OK, then I really misunderstood the macro and now I see your points.
Thinking about it some more having a full hierarchy locked is not that
good idea after all. We would block also parallel branches which will
not bail out from OOM if we handle oom condition in another branch.

> 
> > I have to confess that the behavior of mem_cgroup_start_loop is little
> > bit obscure to me. The comment says it searches for the cgroup with the
> > minimum ID - I assume this is the root of the hierarchy. Is this
> > correct?
> > 
> 
> No. Assume following sequence.
> 
>   1.  cgcreate -g memory:X  css_id=5 assigned.
>   ........far later.....
>   2.  cgcreate -g memory:A  css_id=30 assigned.
>   3.  cgdelete -g memory:X  css_id=5 freed.
>   4.  cgcreate -g memory:A/B
>   5.  cgcreate -g memory:A/C
>   6.  cgcreate -g memory:A/B/D
>   7.  cgcreate -g memory:A/B/E
> 
> Then, css_id will be
> ==
>  A css_id=30
>  B css_id=5  # reuse X's id.
>  C css_id=31
>  D css_id=32
>  E css_id=33
> ==
> Then, the search under "B" will find B->D->E
> 
> The search under "A" will find B->A->C->D->E. 
> 
> > If yes then if we have oom in what-ever cgroup in the hierarchy then
> > the above code should lock the whole hierarchy and the above never
> > happens. Right?
> 
> Yes and no. old code allows following happens at the same time.
> 
>       A
>     B   C
>    D E   F
>  
>    B-D-E goes into OOM because of B's limit.
>    C-F   goes into OOM because of C's limit
> 
> 
> When you stop OOM under A because of B's limit, C can't invoke OOM.
> 
> After a little more consideration, my suggestion is,
> 
> === lock ===
> 	bool success = true;
> 	...
> 	for_each_mem_cgroup_tree(iter, mem) {
> 		success &= !!atomic_add_unless(&iter->oom_lock, 1, 1);
> 		/* "break" loop is not allowed because of css refcount....*/
> 	}
> 	return success.
> 
> By this, when a sub-hierarchy is under OOM, don't invoke new OOM.

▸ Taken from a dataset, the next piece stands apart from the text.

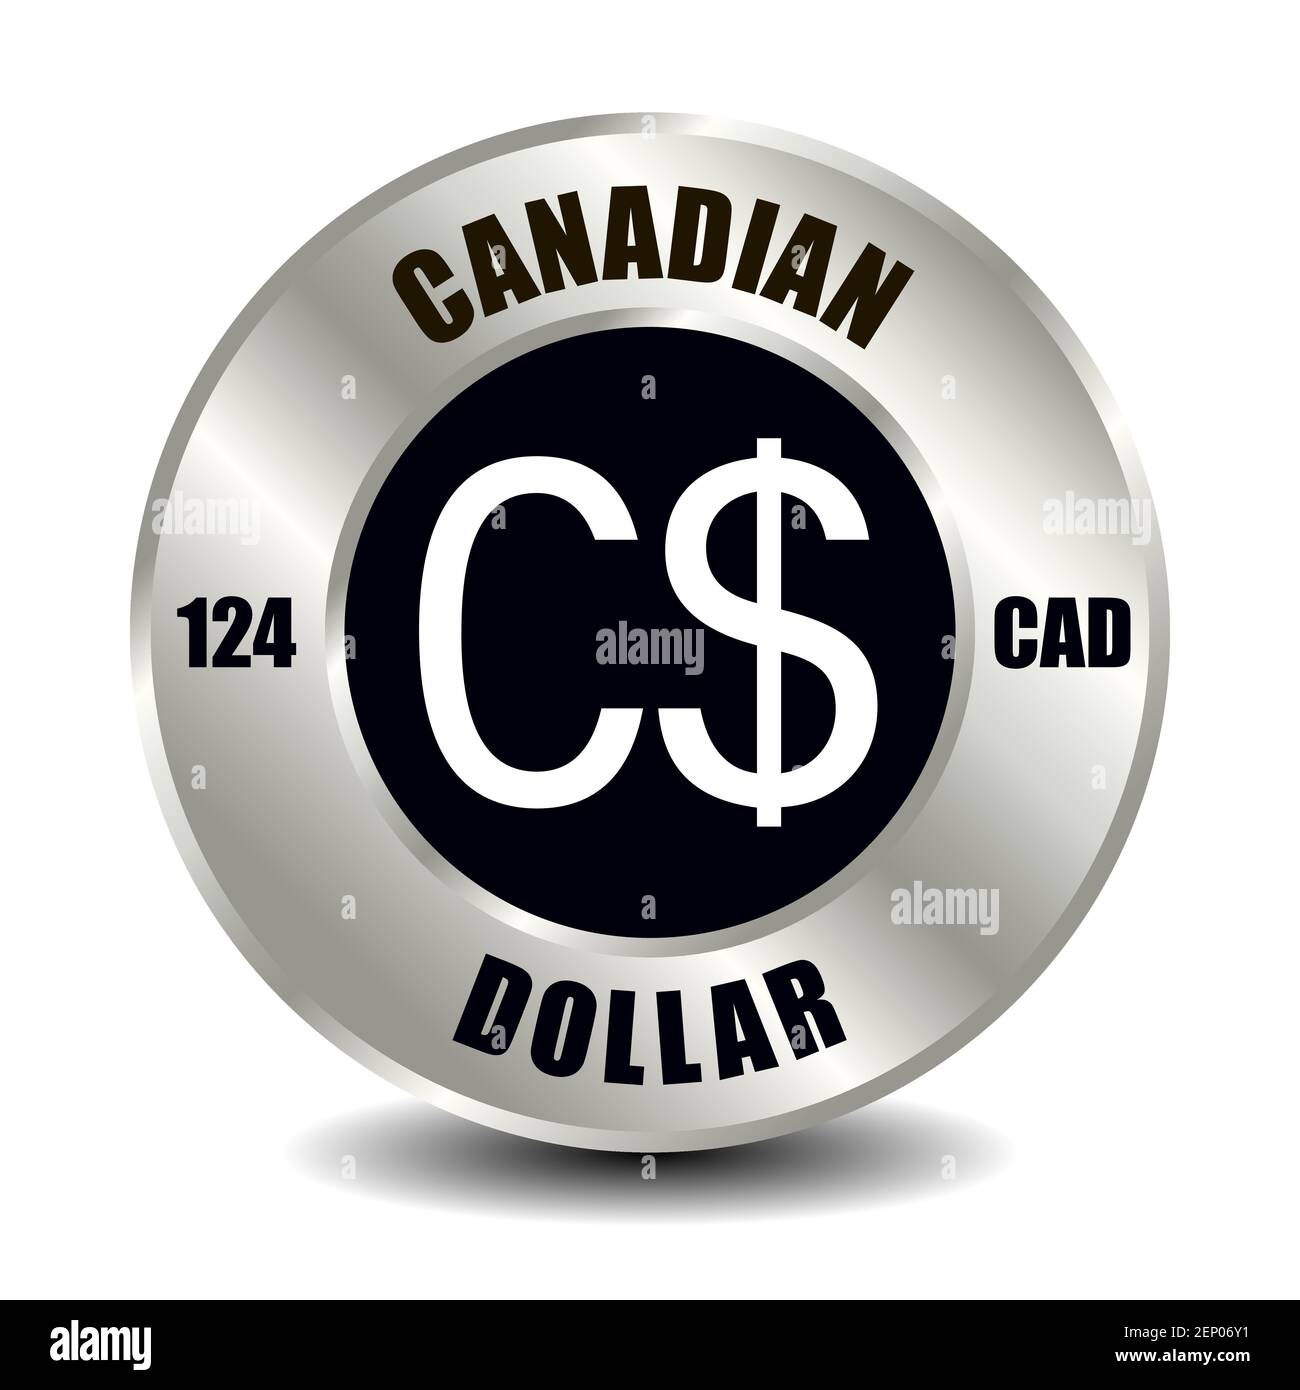 All about Canadian Dolllar (abbreviation, symbol, history)

Hmm, I am afraid this will not work as well. The group tree traversing
depends on the creation order so we might end up seeing locked subtree
sooner than unlocked so we could grant the lock and see multiple OOMs.
We have to guarantee that we do not grant the lock if we encounter
already locked sub group (and then we have to clear oom_lock for all
groups that we have already visited).

> === unlock ===
> 	struct mem_cgroup *oom_root;
> 
> 	oom_root = memcg; 
> 	do {
> 		struct mem_cgroup *parent;
> 
> 		parent = mem_cgroup_parent(oom_root);
> 		if (!parent || !parent->use_hierarchy)
> 			break;
> 
> 		if (atomic_read(&parent->oom_lock))
> 			break;
> 	} while (1);
> 
> 	for_each_mem_cgroup_tree(iter, oom_root)
> 		atomic_add_unless(&iter->oom_lock, -1, 0);
> 
> By this, at unlock, unlock oom-lock of a hierarchy which was under oom_lock
> because of a sub-hierarchy was under OOM.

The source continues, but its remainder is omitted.